§ About this task
Beginning at the line that contains "Formación y desarrollo", output each line exactly through the end of the records, and drop any pictures.

§ Exercise data

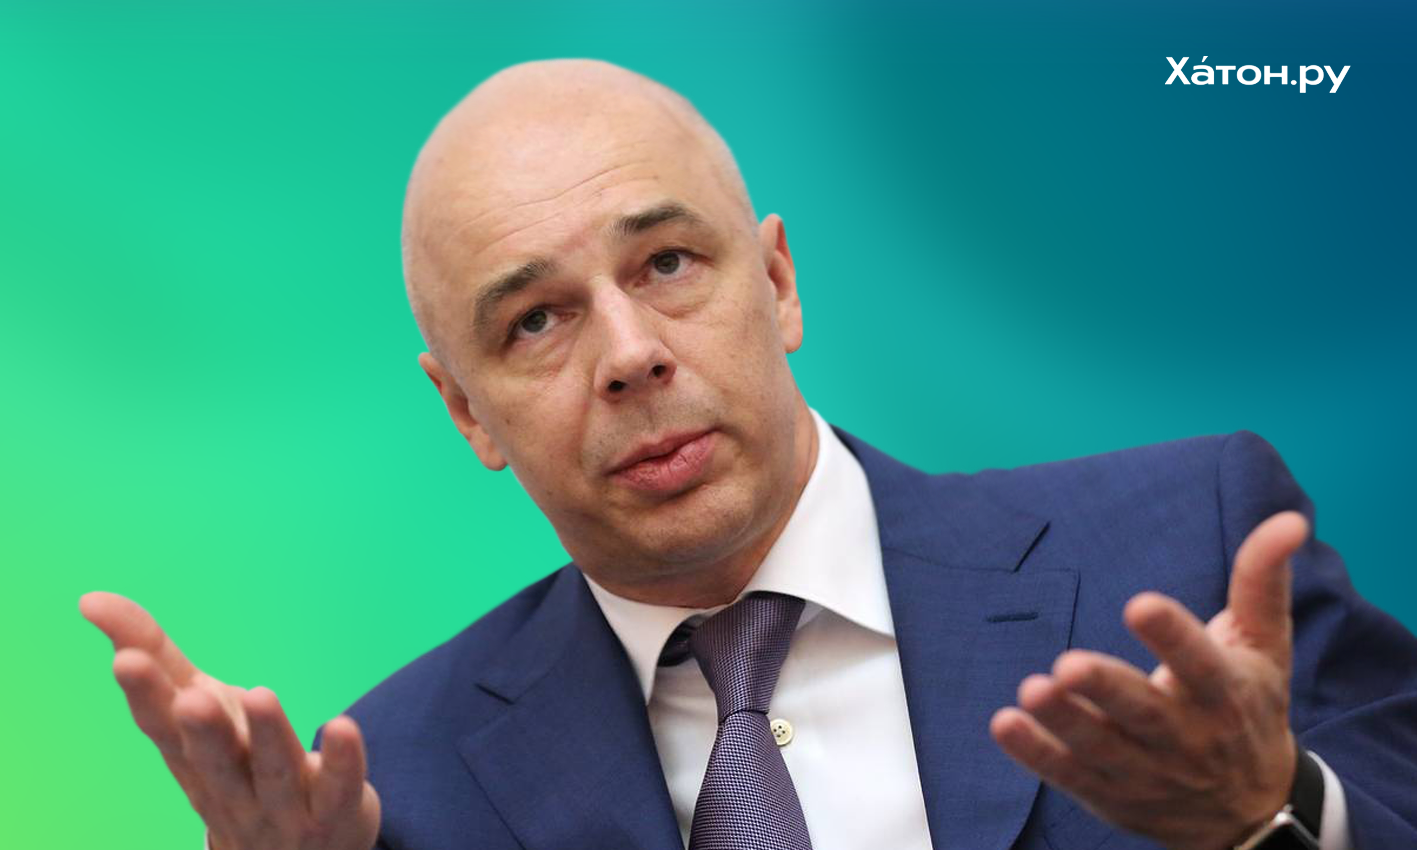 Глава Минфина Антон Силуанов предложил перетерпеть инфляцию без массовых компенсаций
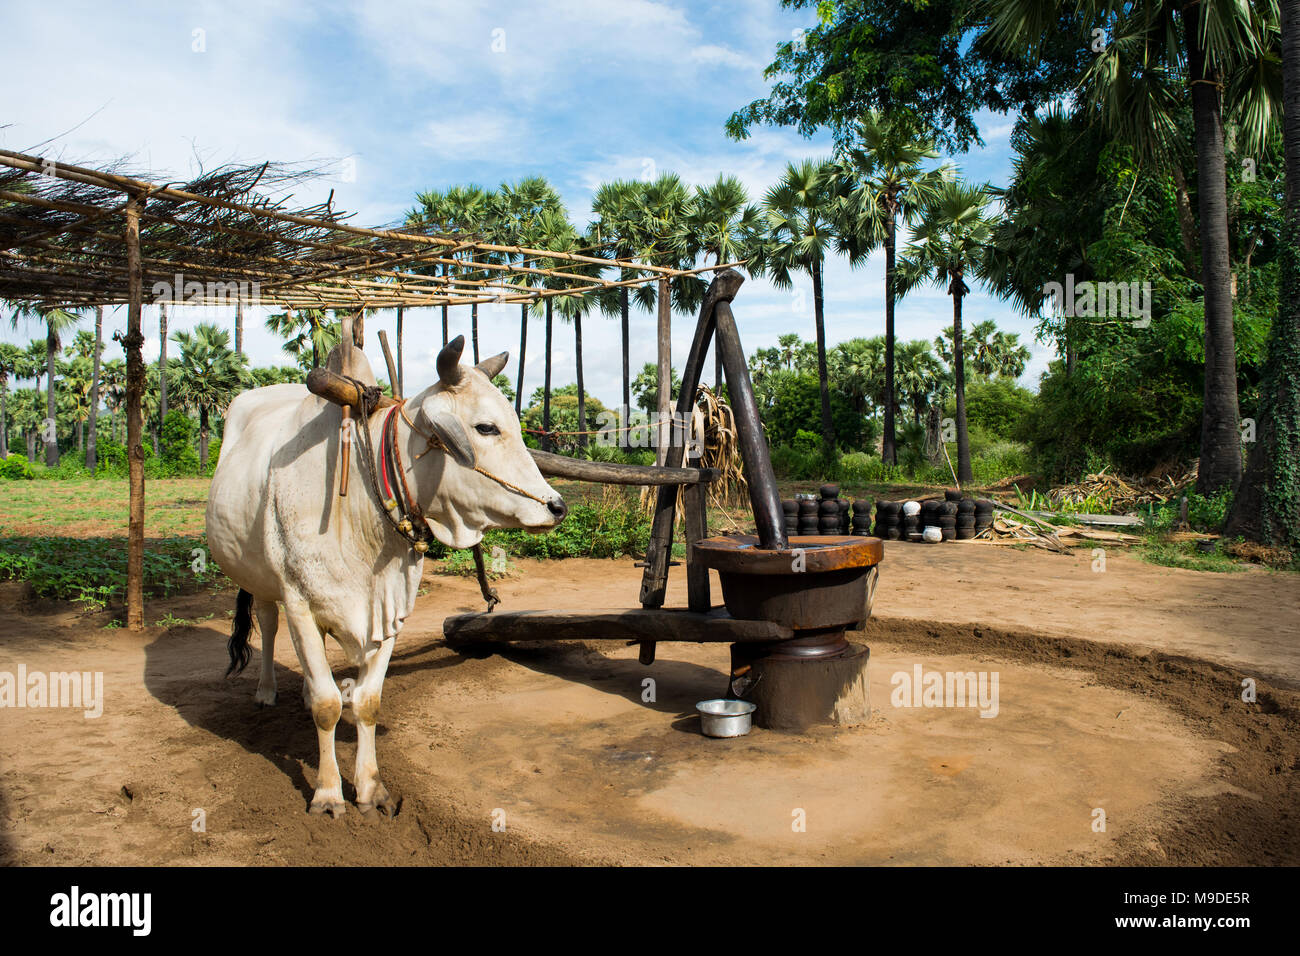 Boeuf blanc mâle tirant un moulin à huile, utilisé pour moudre les arachides et la production d'huile d'arachide. Les champs d'agriculture birmane de palmiers à tourner en rond les voies en Asie Banque D'Images
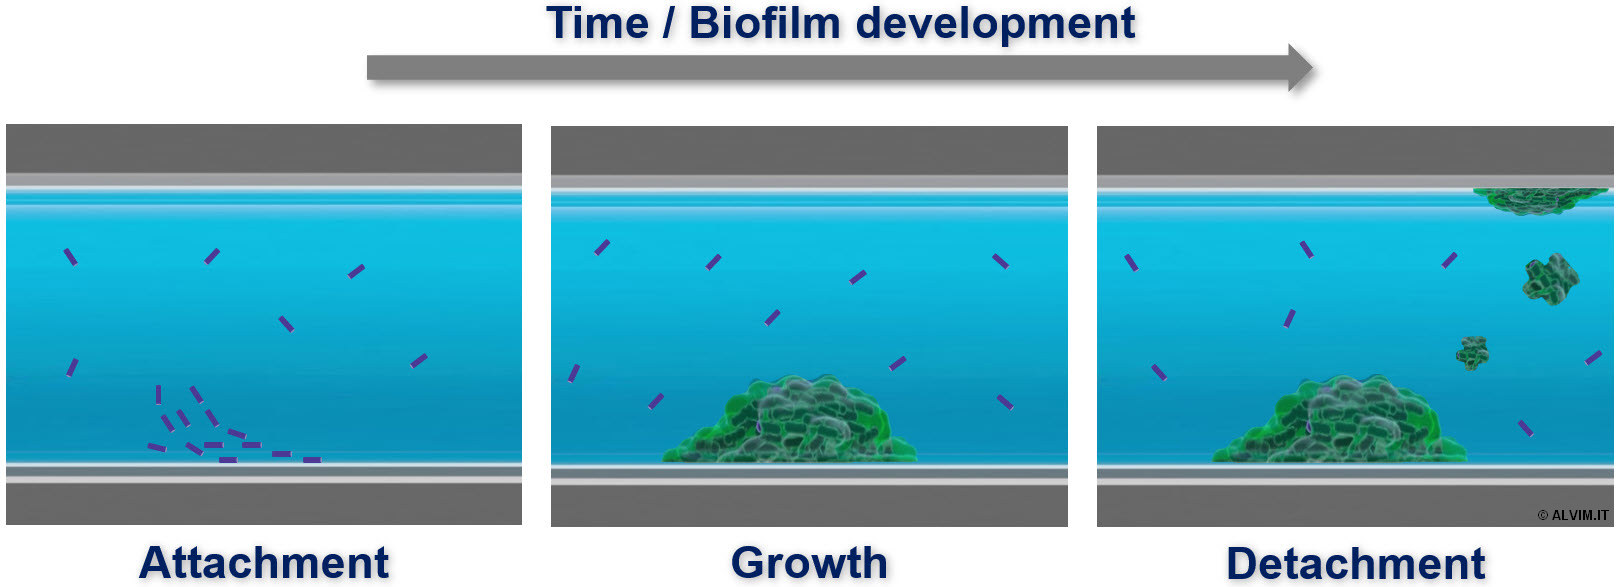 Formación y desarrollo de biopelículas con el tiempo.
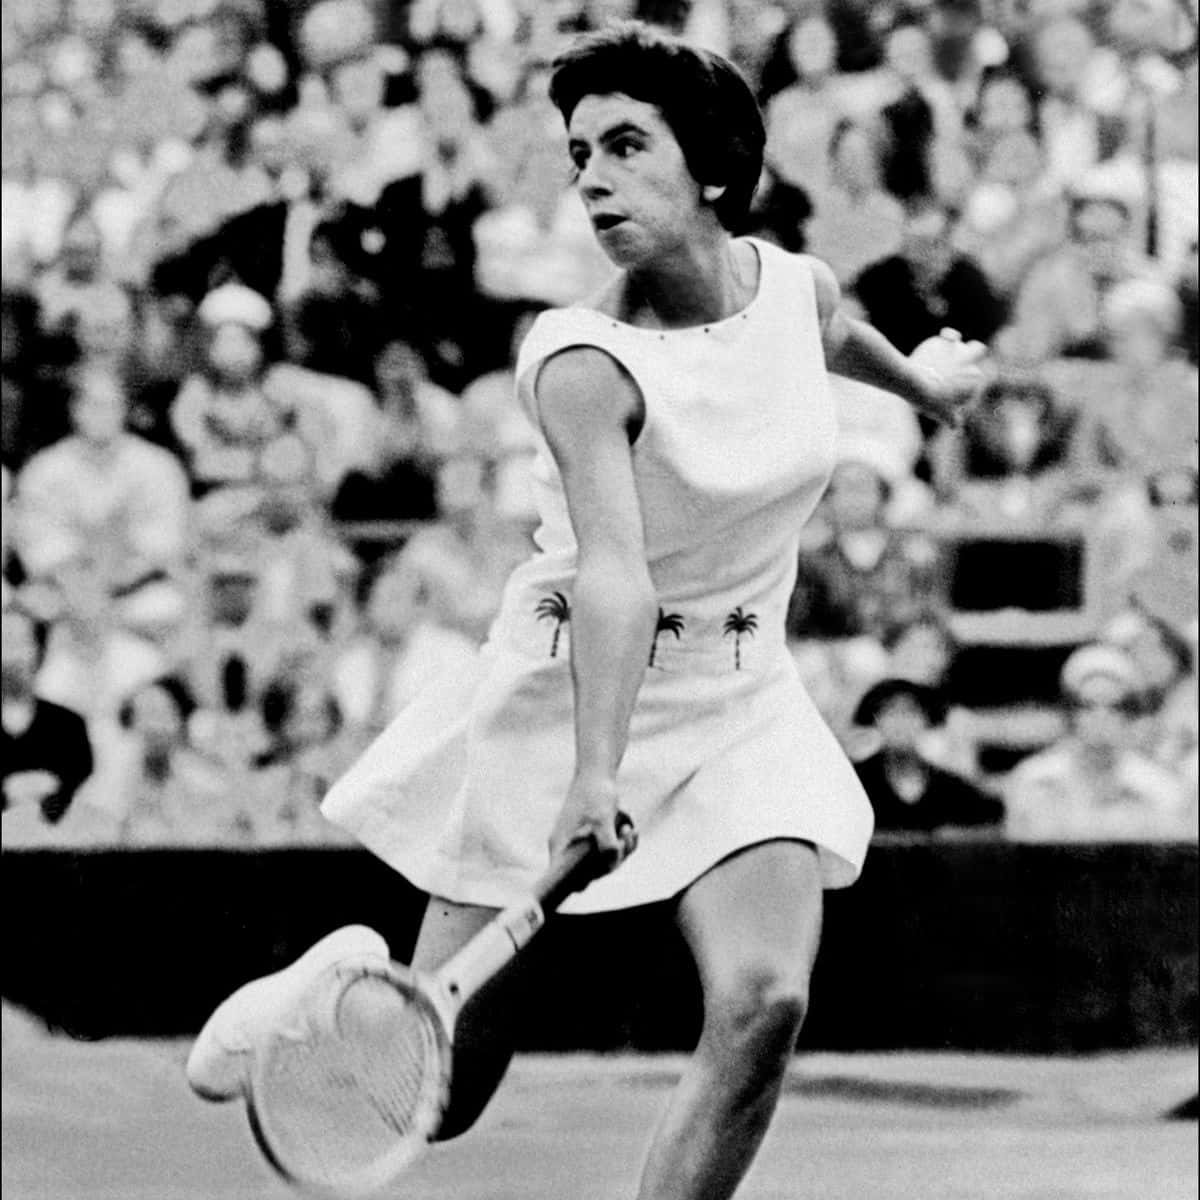 Maria Bueno In Dress-like Sports Attire Wallpaper
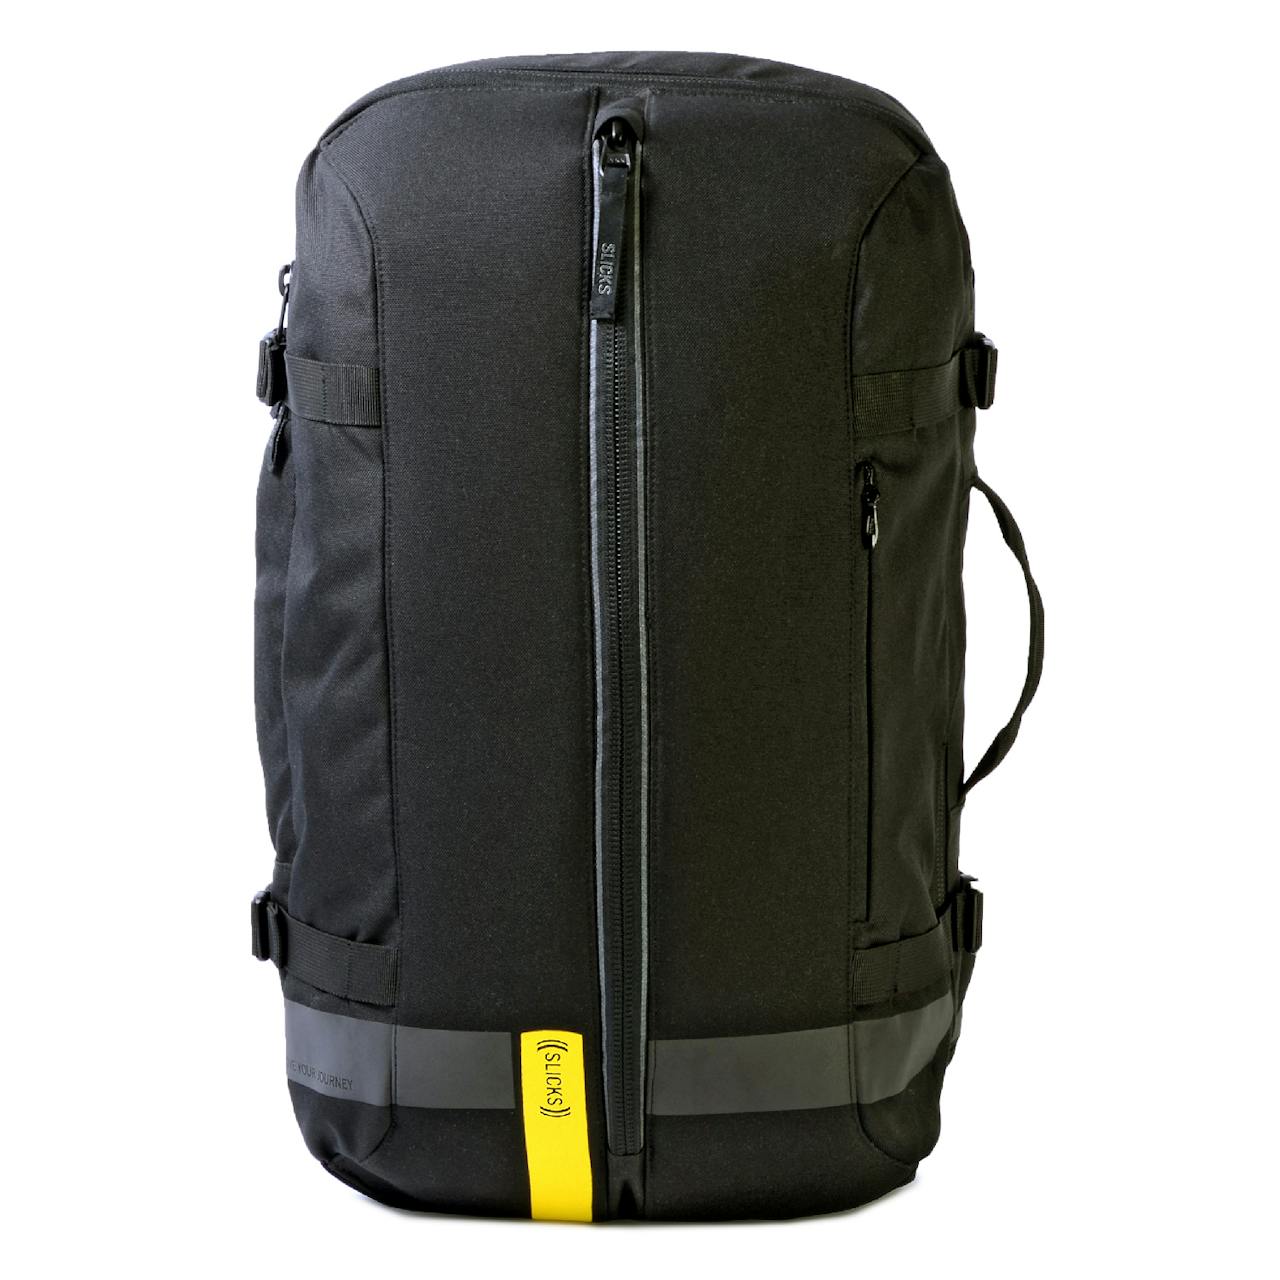 Slicks Pack - Modular Backpack

§ Answer box
 Formación y desarrollo de biopelículas con el tiempo.
 Maria Bueno In Dress-like Sports Attire Wallpaper
 Slicks Pack - Modular Backpack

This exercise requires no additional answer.